Poisson Pseudo-Maximum Likelihood (PPML) Model with Cluster-Robust Standard Errors
We will estimate a Poisson Pseudo-Maximum Likelihood (PPML) model using the data available in this package with the idea of replicating the PPML results from Table 3 in Yotov et al. (2016).
This requires to include exporter-time and importer-time fixed effects, and to cluster the standard errors by exporter-importer pairs.
The PPML especification corresponds to: \[\begin{align} X_{ij,t} =& \:\exp\left[\beta_1 \log(DIST)_{i,j} + \beta_2 BORDER_{i,j} +\right.\\ \text{ }& \:\left.\beta_3 COMLANG_{i,j} + \beta_4 COLONY_{i,j} + \pi_{i,t} + \chi_{i,t}\right] \times \varepsilon_{ij,t}. \end{align}\]
Required packages:
library(capybara)
We can use the fepoisson() function to obtain the
estimated coefficients and we add the fixed effects as
| exp_year + imp_year in the formula.
Model estimation:
ross2004_subset <- ross2004[ross2004$year %in% seq(1989, 1999, 5), ]
ross2004_subset$trade <- exp(ross2004_subset$ltrade)
ross2004_subset$exp_year <- paste0(ross2004_subset$ctry1, ross2004_subset$year)
ross2004_subset$imp_year <- paste0(ross2004_subset$ctry2, ross2004_subset$year)
fit <- fepoisson(
trade ~ ldist + border + comlang + colony | exp_year + imp_year,
data = ross2004_subset
)
summary(fit)
Formula: trade ~ ldist + border + comlang + colony | exp_year + imp_year
Family: Poisson
Estimates:
| | Estimate | Std.

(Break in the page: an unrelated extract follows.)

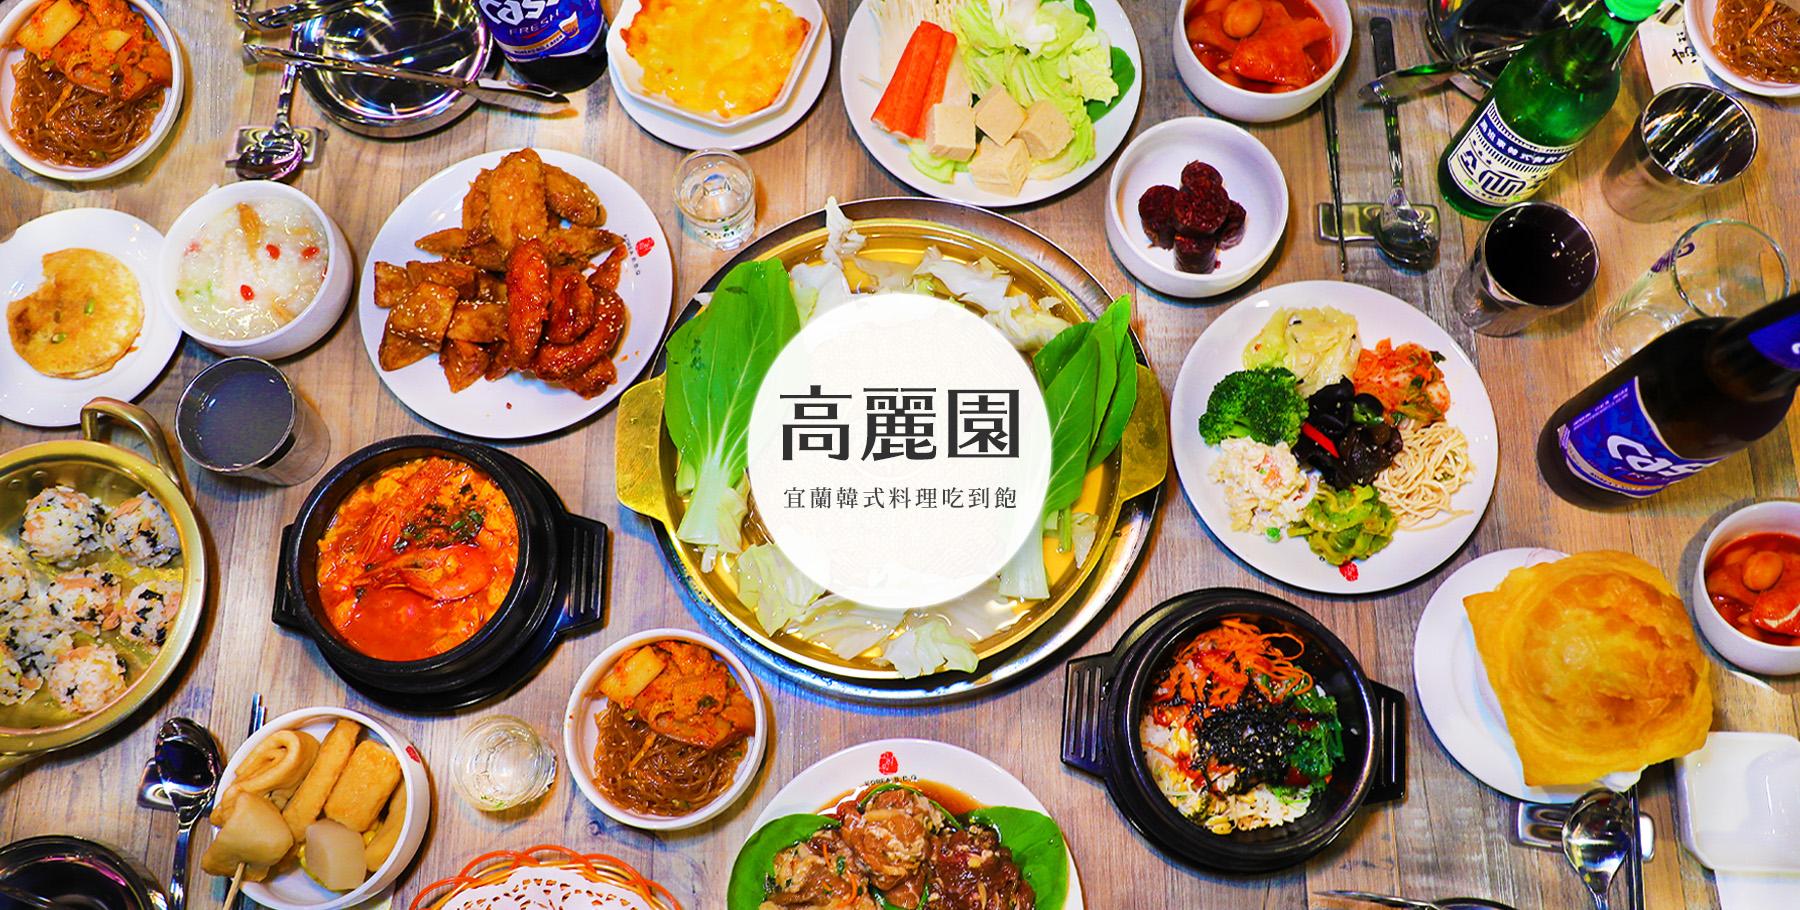 宜蘭韓式|高麗園銅盤烤肉新月市場店|韓式烤肉吃到飽韓國炸雞辣炒年糕菜單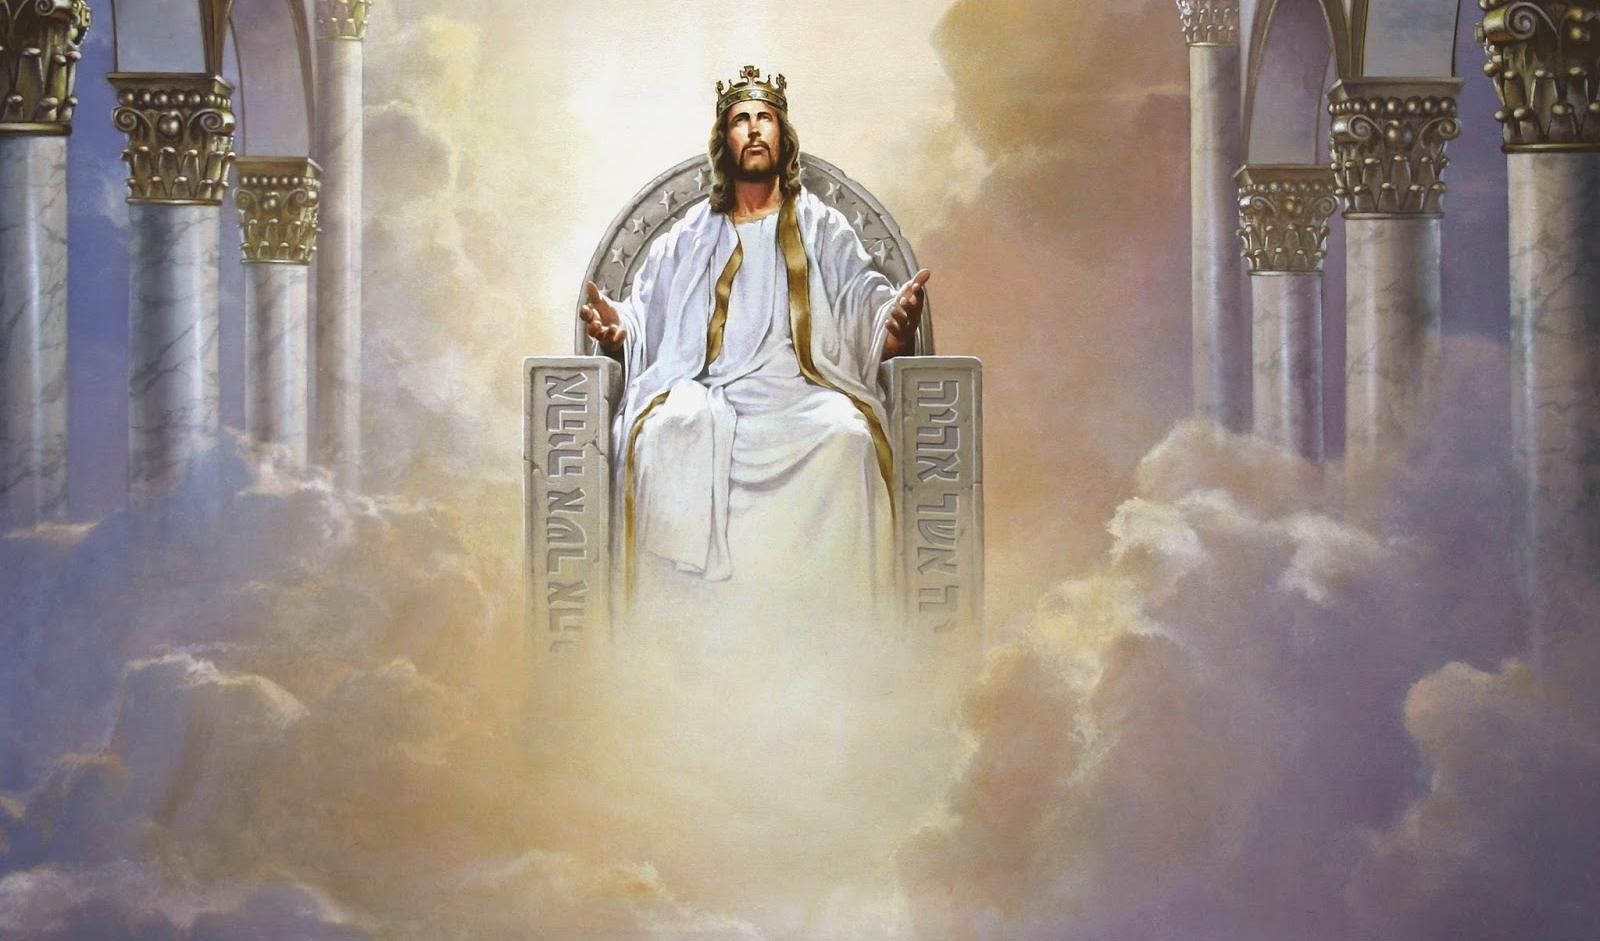 Quienes son los Personajes Bíblicos del Adviento [y por qué]

Error | z value | Pr(>|z|) |
|---------|----------|------------|-------------|-----------|
| ldist | -0.9800 | 0.0000 | -90771.8020 | 0.0000 ** |
| border | 0.3200 | 0.0000 | 13707.7154 | 0.0000 ** |
| comlang | 0.2852 | 0.0000 | 12315.8981 | 0.0000 ** |
| colony | 0.3958 | 0.0000 | 12508.5396 | 0.0000 ** |
Significance codes: ** p < 0.01; * p < 0.05; + p < 0.10
Pseudo R-squared: 0.9591
Fixed effects:
exp_year: 457
imp_year: 457
Number of observations: Full 21450; Missing 0; Perfect classification 0
Number of Fisher Scoring iterations: 10
The coefficients are almost identical to those in Table 3 from Yotov et al. (2016) that were obtained with Stata. The difference is attributed to the different fitting algorithms used by the software. Capybara uses the demeaning algorithm proposed by Stammann (2018).
fit <- fepoisson(
trade ~ ldist + border + comlang + colony | exp_year + imp_year | pair,
data = ross2004_subset
)
summary(fit, type = "clustered")
Formula: trade ~ ldist + border + comlang + colony | exp_year + imp_year |
pair
Family: Poisson
Estimates:
| | Estimate | Std. Error | z value | Pr(>|z|) |
|---------|----------|------------|----------|-----------|
| ldist | -0.9800 | 0.0476 | -20.5747 | 0.0000 ** |
| border | 0.3200 | 0.1077 | 2.9719 | 0.0030 ** |
| comlang | 0.2852 | 0.0881 | 3.2362 | 0.0012 ** |
| colony | 0.3958 | 0.1032 | 3.8344 | 0.0001 ** |
Significance codes: ** p < 0.01; * p < 0.05; + p < 0.10
Pseudo R-squared: 0.9591
Fixed effects:
exp_year: 457
imp_year: 457
Number of observations: Full 21450; Missing 0; Perfect classification 0
Number of Fisher Scoring iterations: 10
The slopes are identical but the standard errors differ from the previous exampke. Capybara clustering algorithm is based on Cameron, Gelbach, and Miller (2011).